With the 42nd and 43rd domestically developed new drugs approved this year, industry attention is growing over who will take the next homegrown new drug title. With three candidates currently under marketing authorization review by the Ministery of Food and Drug Safety, there is a possibility that the number of domestic new drug approvals this year will set a record high.
According to the pharmaceutical industry on the 11th, the Ministery of Food and Drug Safety is reviewing marketing authorization for Hanmi Pharmaceutical's obesity treatment "Efpeglenatide," CellBion's prostate cancer treatment "Pocuvotide," and the dry eye treatment "Recoplavone," jointly developed by Aju Pharm and GL PharmTech.

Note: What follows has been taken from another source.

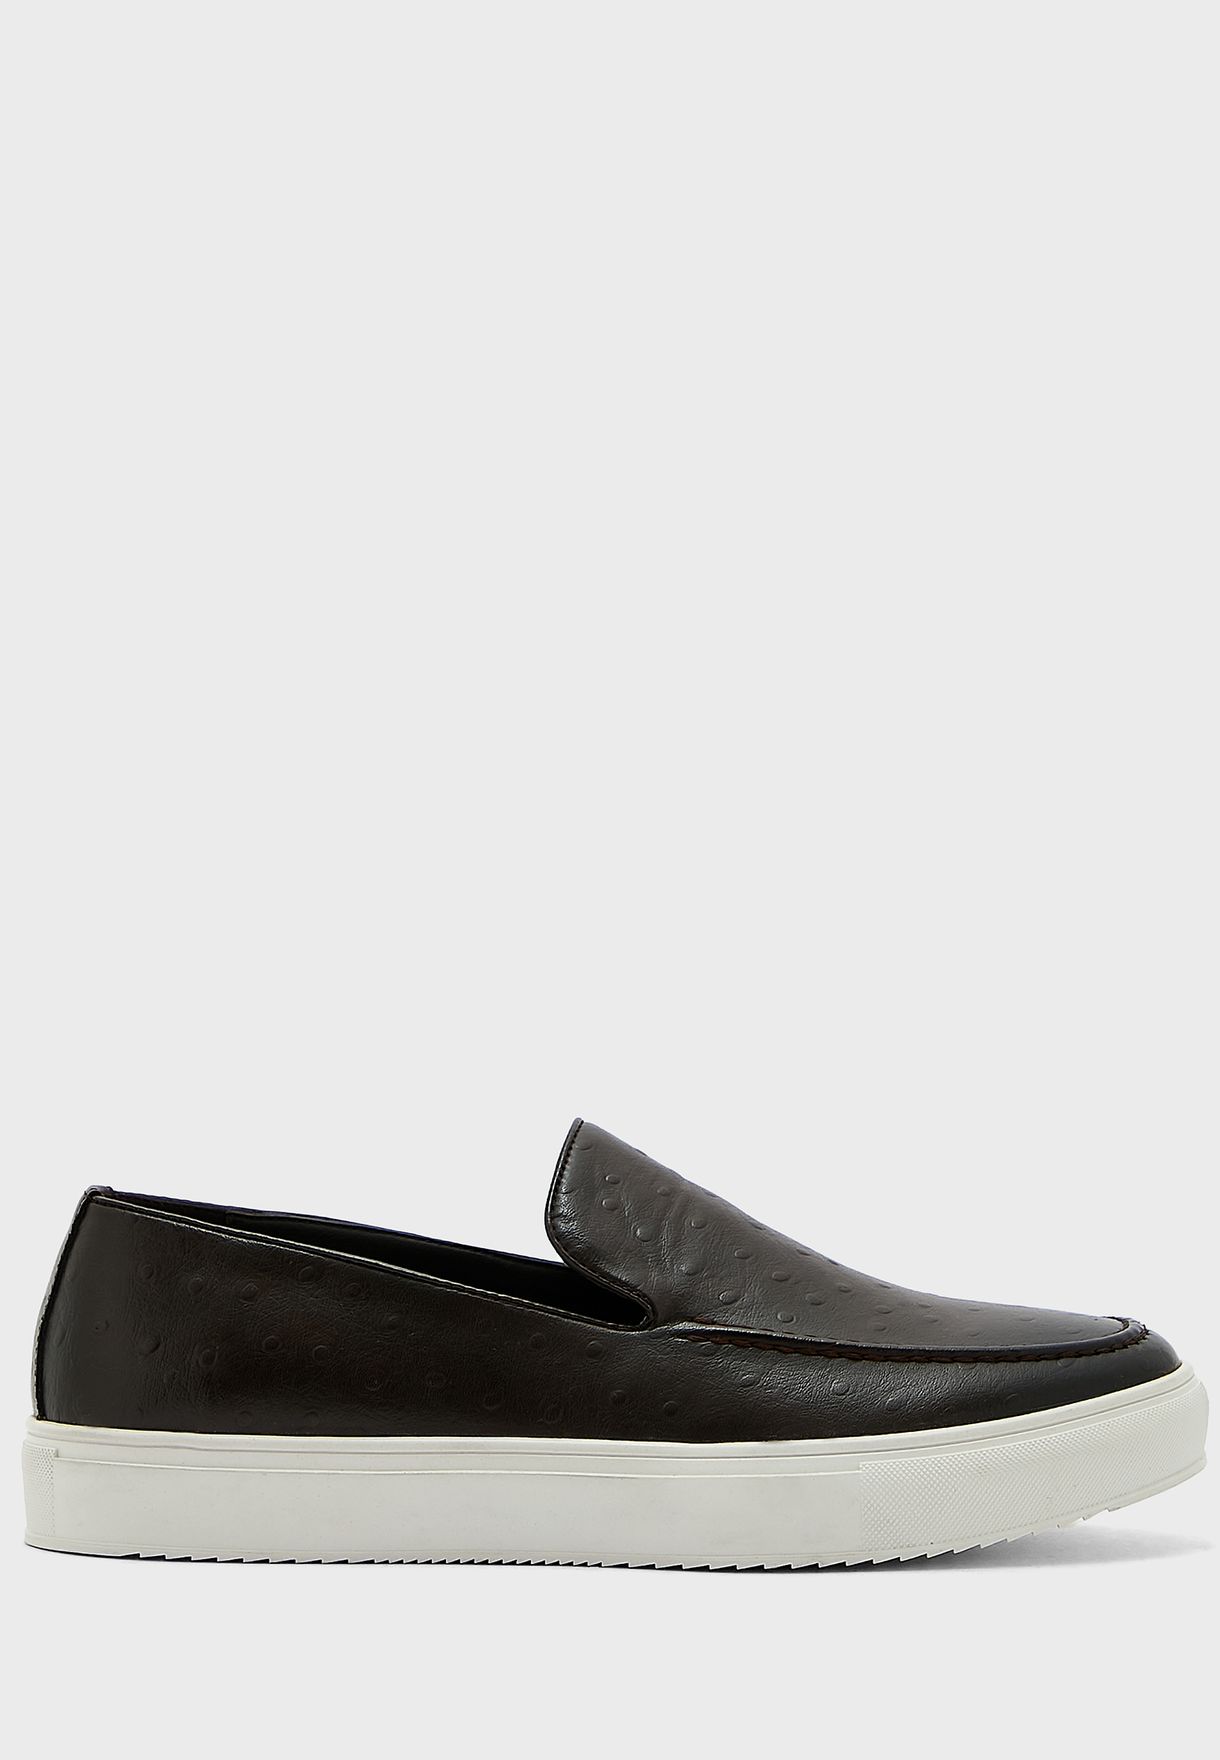 Ostrich Print Casual Slip Ons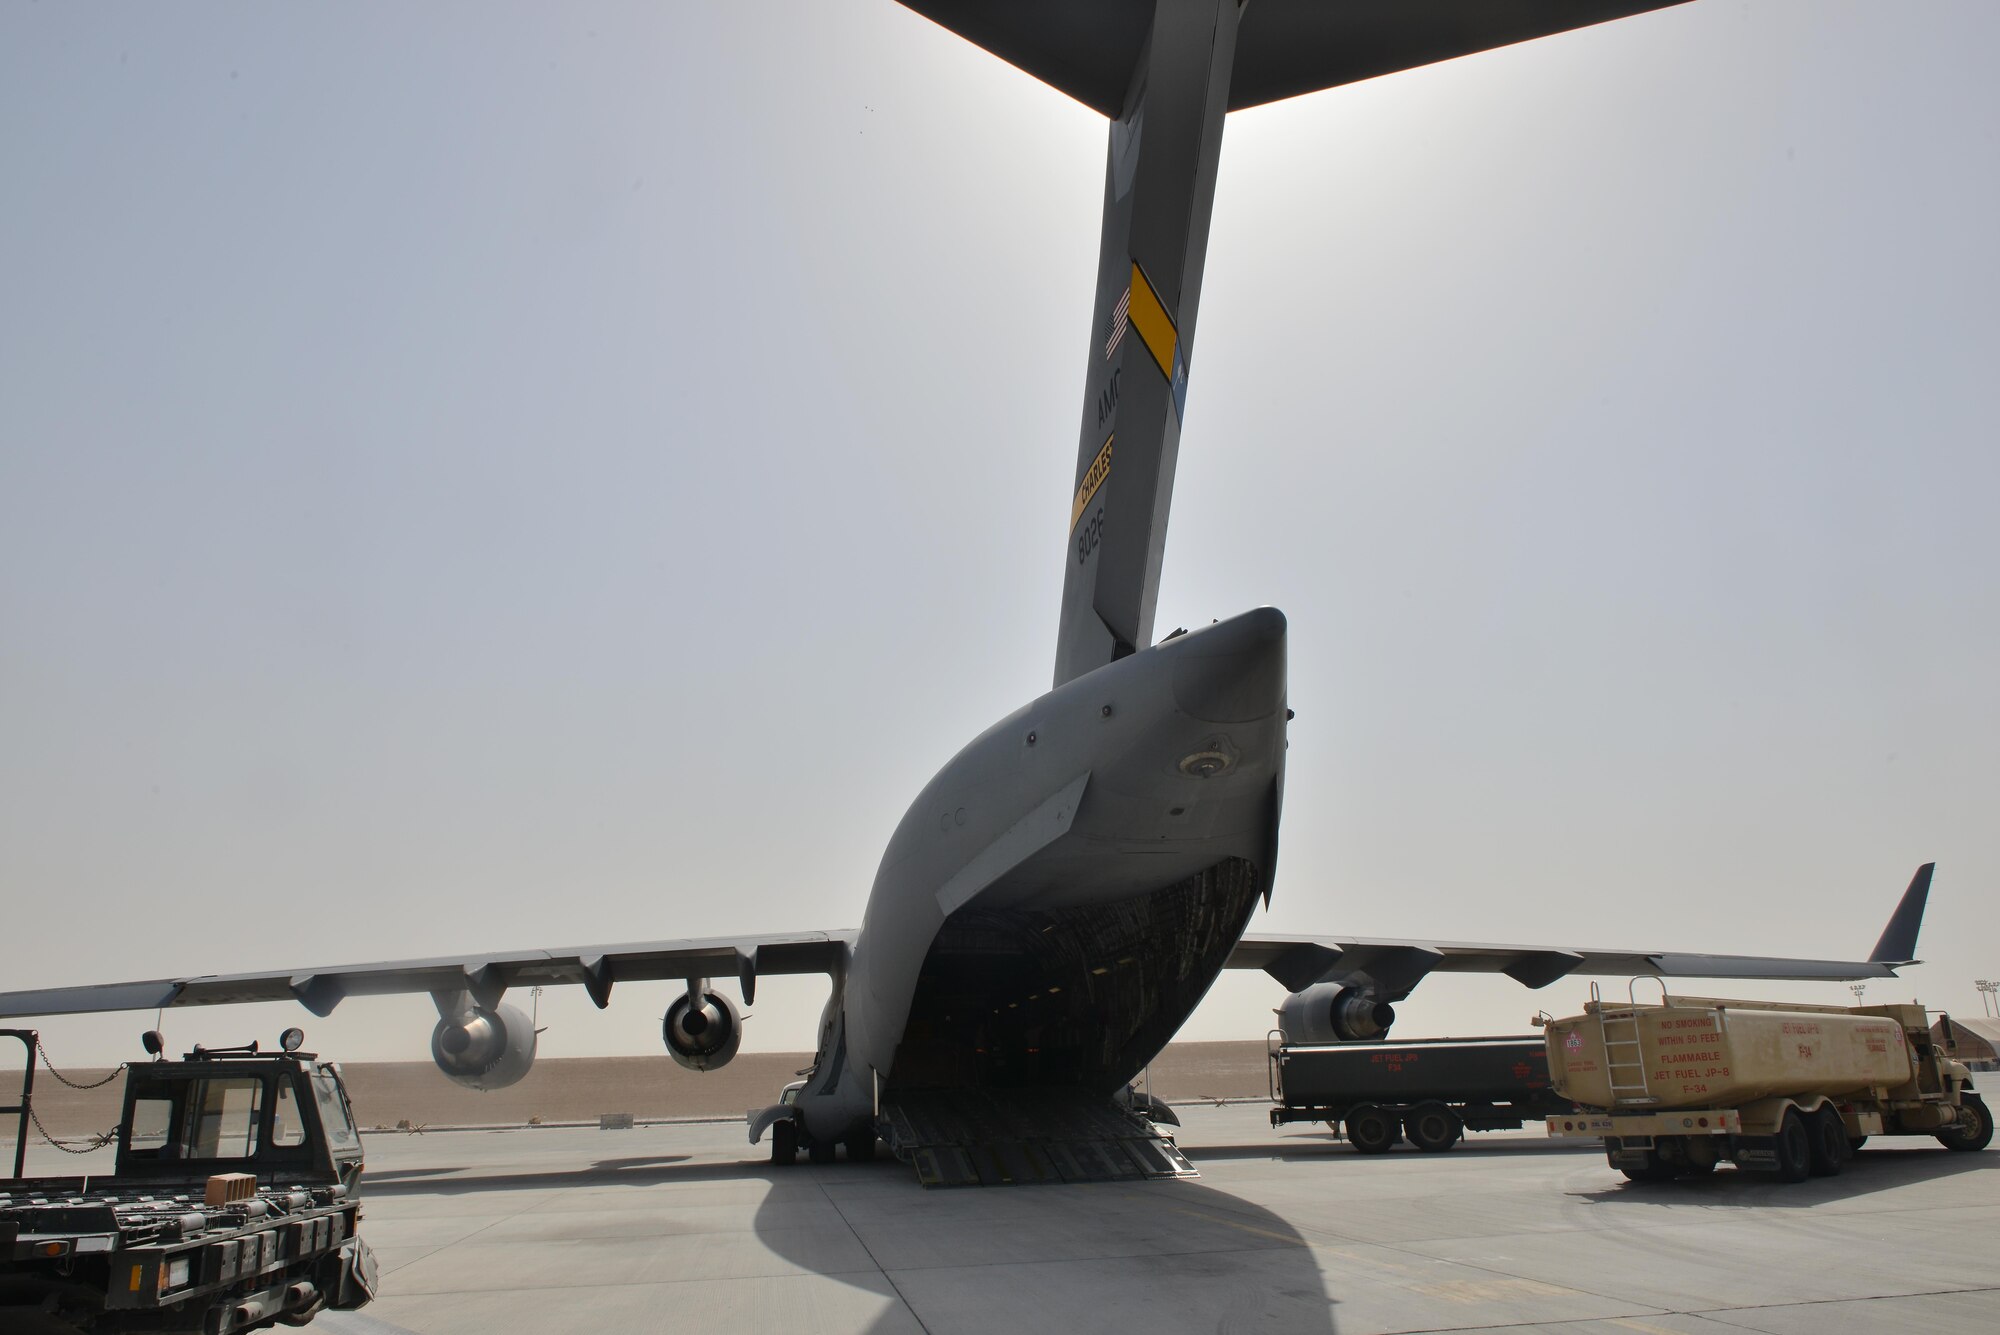 A C-17 Globemaster aircraft assigned to the 437th Air Lift Wing, Joint base Charleston, South Carolina, is being fueled and prepared to be load with equipment to support RED HORSE Civil Engineering operations to repair a runway in Southwest Asia May 13, 2015 at Al Udeid Air Base, Qatar. (U.S. Air Force photo/Staff Sgt. Alexandre Montes)

Development of homegrown new drugs has recently regained momentum. After four items were approved in 2015, there was one each in 2016 and 2017, two in 2018, and none in 2019 and 2020. The number rose again to four in 2021 and two in 2022, but fell back to zero in 2023.
By contrast, the increase has been clear lately. Last year, three domestic new drugs were approved: GC Biopharma's anthrax vaccine "Barytrax" (No. 39), Medytox's submental fat reduction injection "Newviju" (No. 40), and SK Biopharmaceuticals' epilepsy treatment "Cenobamate (U.S. brand name Xcopri, No. 41)." This year, two items have already been approved, and additional candidates are under review by the Ministery of Food and Drug Safety, raising the likelihood that the number of domestic new drug approvals will reach an all-time high this year.
The Ministery of Food and Drug Safety last month approved Curocell's first domestic chimeric antigen receptor T-cell (CAR-T) therapy "Limcato inj. (Anbalcaptagen autoleucel)" as the 42nd homegrown new drug. Early this month, it approved FutureChem's prostate cancer diagnostic radiopharmaceutical (RPT) "ProstaView injection (Florasthamine)" as the 43rd domestic new drug.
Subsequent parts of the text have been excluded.